Identification of a Mg(2+)- and guanyl nucleotide-dependent glucagon receptor cycle by use of permeabilized canine hepatocytes.

We have investigated (by use of intact and saponinpermeabilized canine hepatocytes) the roles of Mg2+ and guanyl nucleotides in regulating glucagon-receptor interactions. In contrast to intact cells, saponinpermeabilized hepatocytes bind [[125I]iodo-Tyr10]glucagon according to a single first-order process and exhibit a single apparent dissociation constant for glucagon binding during steady-state incubations.
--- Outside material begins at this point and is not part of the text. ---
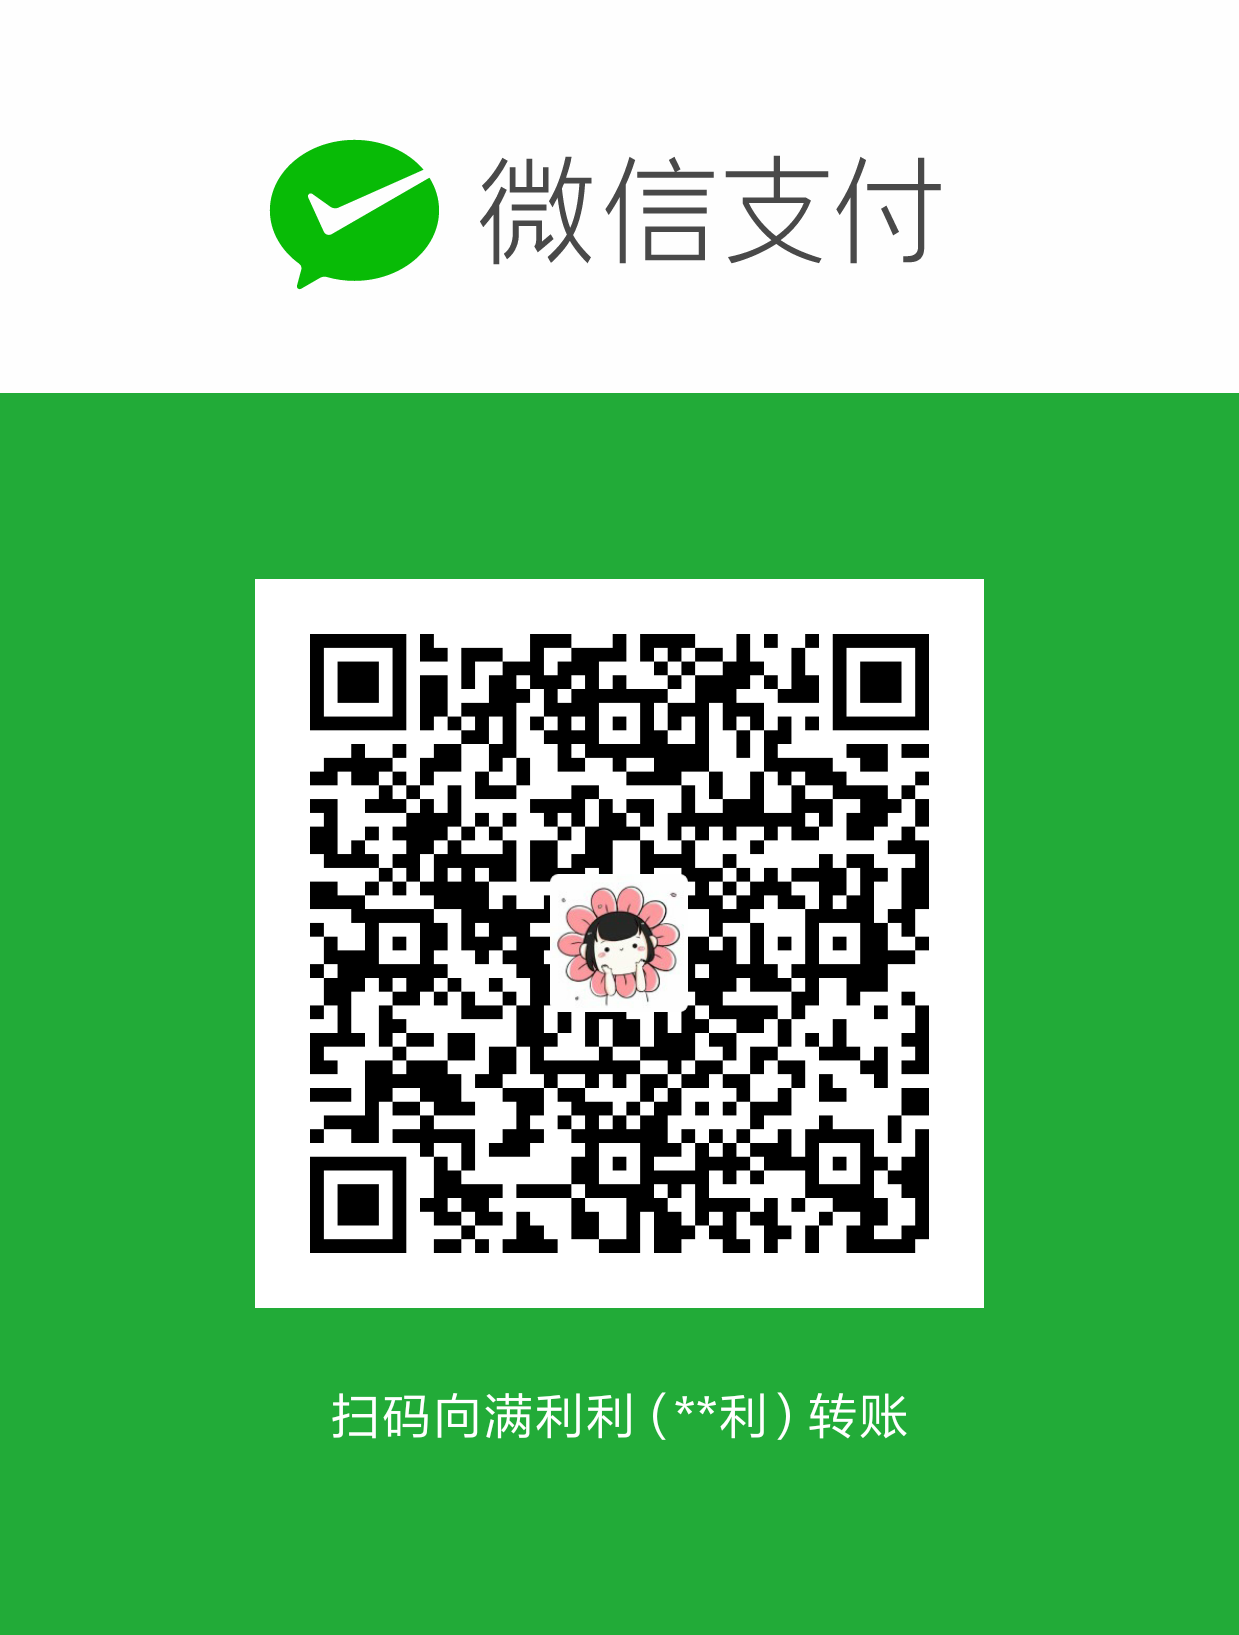 满利利 WeChat Pay

Further analysis of the permeabilized cell system demonstrated (a) the temperature-sensitive action of Mg2+ to enhance the extent and affinity of glucagon-receptor interactions at steady-state, (b) the conversion of Mg(2+)-independent hormone-receptor complexes to Mg(2+)-dependent complexes, (c) the effect of guanyl nucleotides to inhibit specifically the Mg(2+)-dependent component of glucagon-receptor interactions, (d) the more rapid association of glucagon with receptor during cell incubations occurring in the presence of guanyl nucleotides or in the absence of Mg2+, and (e) the ability of guanyl nucleotides to induce both high and low affinity states of glucagon-receptor interactions. Additional experiments identified an effect of cell incubations in the presence of glucagon to limit the subsequent binding of hormone, the ability of GDP, GTP, or guanosine-5'-3-O-(thio)triphosphate (GTP gamma S) to dissociate previously bound glucagon, and a specific requirement for GDP to re-activate the glucagon receptor for additional cycles of hormone binding. A model is presented in which (a) glucagon binds to receptor in a Mg(2+)-independent fashion, (b) glucagon-receptor complexes are converted to a Mg(2+)-dependent state, (c) guanyl nucleotide exchange initiates both an alteration in glucagon-receptor affinity and the subsequent dissociation of hormone, and (d) in the context of the intact cell, G protein-mediated hydrolysis of GTP to GDP is required to reinitialize the system.